Андрей пересчитал записи дважды. Да, Кехада, ты этого хотел. Чего хотел, то получил. А я все на Пака грешил, царство ему небесное... Он, прикусив губу, зажмурился, когда перед глазами его снова встала раздутая кукла в синей выцветшей куртке, н вдруг до него дошло: тридцать второй день. Как — тридцать второй? Тридцатый! Вчера я записывал за двадцать восьмой... Он торопливо перебросил страницу. Да. Двадцать восьмой... И трупы эти раздутые — они же лежат уже несколько суток... Господи, да что же это?.. Один, два... Какое же сегодня число? Ведь мы же сегодня утром ушли!

И он вспомнил жаркую, уставленную пустыми постаментами площадь, и ледяную тьму пантеона, и слепые статуи за бесконечно длинным столом... Это было давно. Это, было очень давно. Да-а... Закрутила, значит, завертела гадская сила, заморочила, одурманила меня... Я же мог в тот же день вернуться, полковника живого бы застал, не допустил бы...
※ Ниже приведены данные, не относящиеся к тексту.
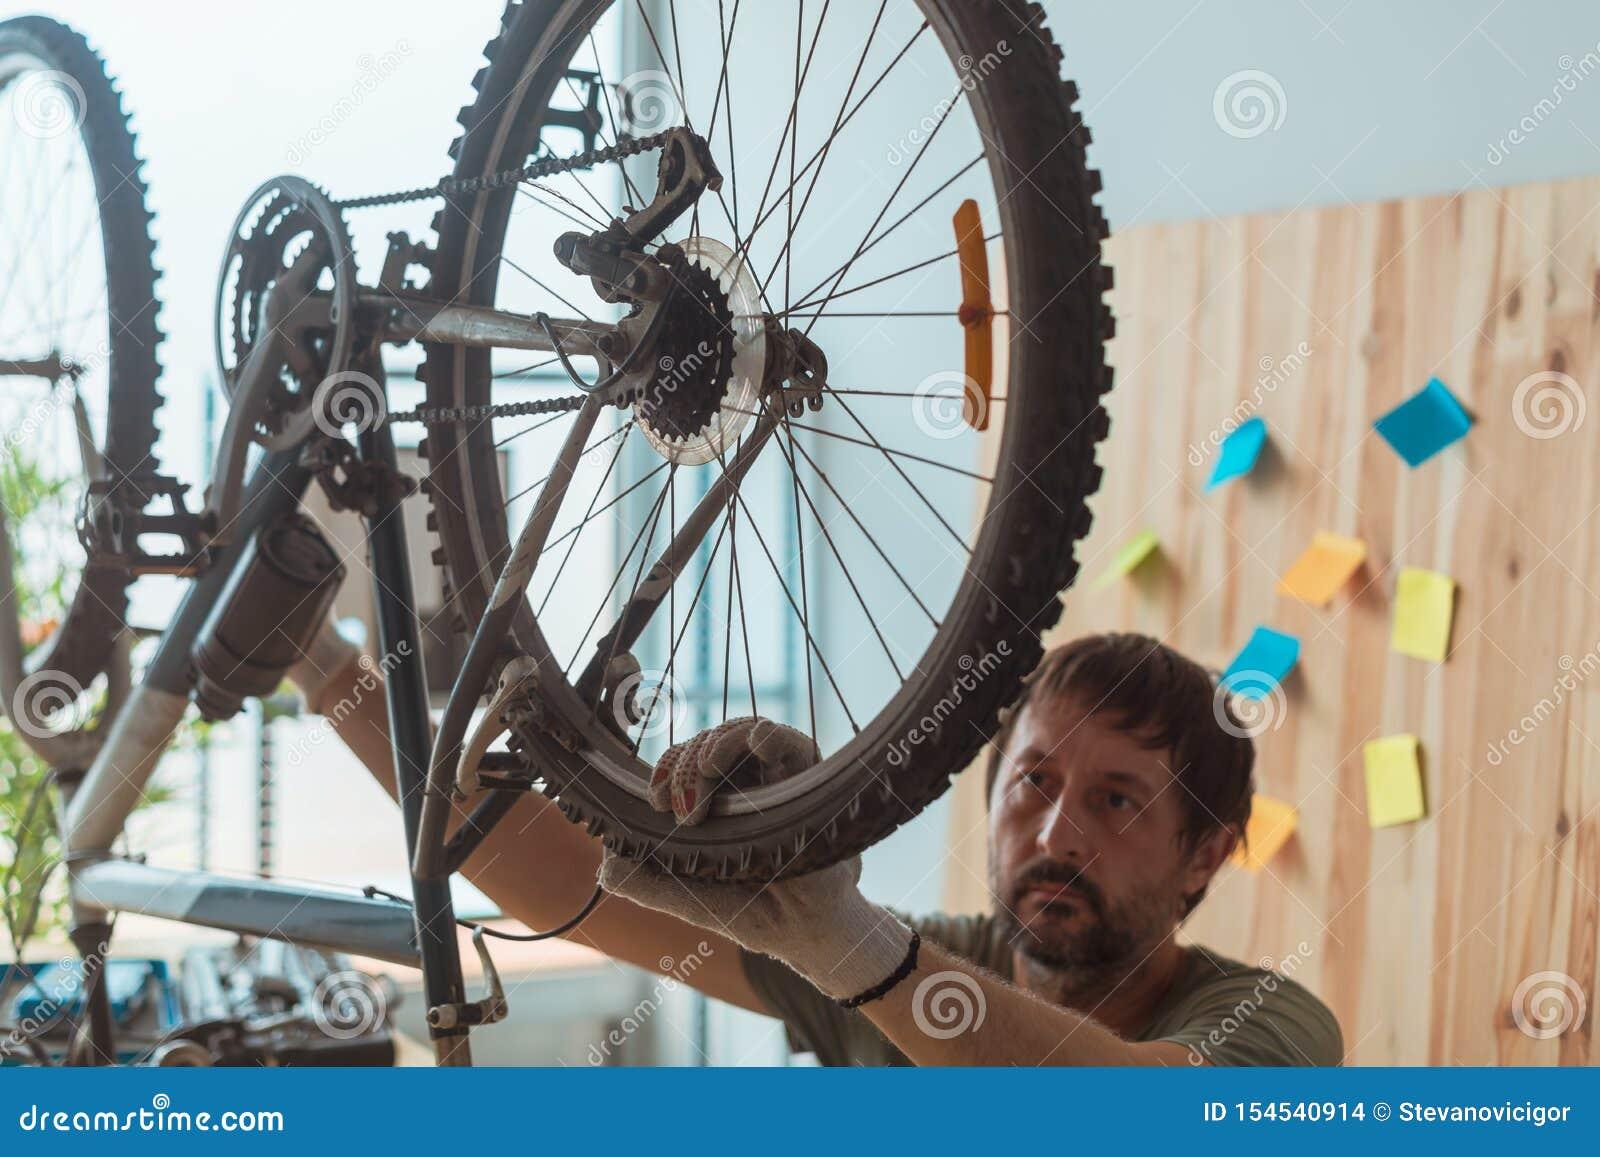 Uomo che ripara vecchio mountain bike in officina
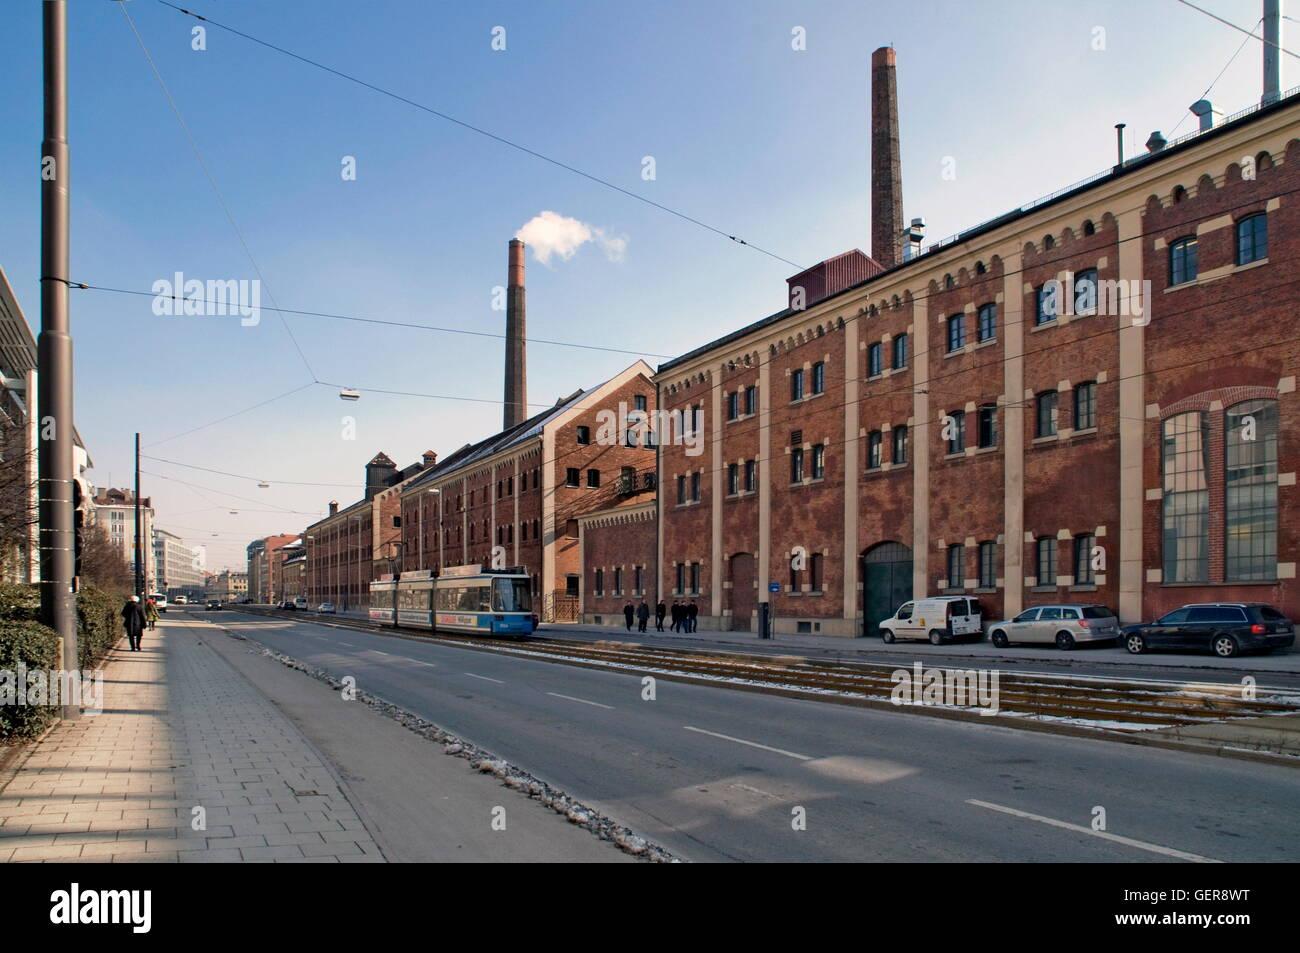 geography / travel, Germany, Bavaria, Munich, Augustiner brewery, Landsberger Strasse, Schwanthalerhoehe, - Stock Image

Дверь распахнулась, и в комнату шагнул не похожий на себя Изя — весь словно высохший, с вытянутым костистым лицом, угрюмый, озлобленный, точно и не он только что как женщина вскрикивал под окнами. Он швырнул в угол полупустой мешок, сел в кресло напротив Андрея и сказал:

— Трупы лежат не меньше трех дней. Что происходит, ты понимаешь?

Андрей молча толкнул ему через стол журнал. Изя жадно схватил, разом проглотил записи, поднял на Андрея красные глаза.

Андрей сказал, криво усмехаясь:

— Эксперимент есть Эксперимент.

— Дрянь корявая, паршивая... — сказал Изя с ненавистью и отвращением. Он еще раз проглядел записи и бросил журнал на стол. — С-суки!

— По-моему, это нас на площади скрутило, — сказал Андрей. — Где постаменты...

Изя кивнул, откинулся в кресле и, задрав бороду, закрыл глаза.

— Ну, что будем делать, советник? — спросил он.

Андрей молчал.

— Ты мне только стреляться не вздумай! — сказал Изя. — Знаю я тебя... комсомольца... орленка.

Андрей снова криво усмехнулся и потянул себя за воротник.

— Слушай, — проговорил он. — Пойдем отсюда куда-нибудь...

Изя открыл глаза и уставился на него.

— Смрад из окна... — сказал Андрей с трудом. — Не могу...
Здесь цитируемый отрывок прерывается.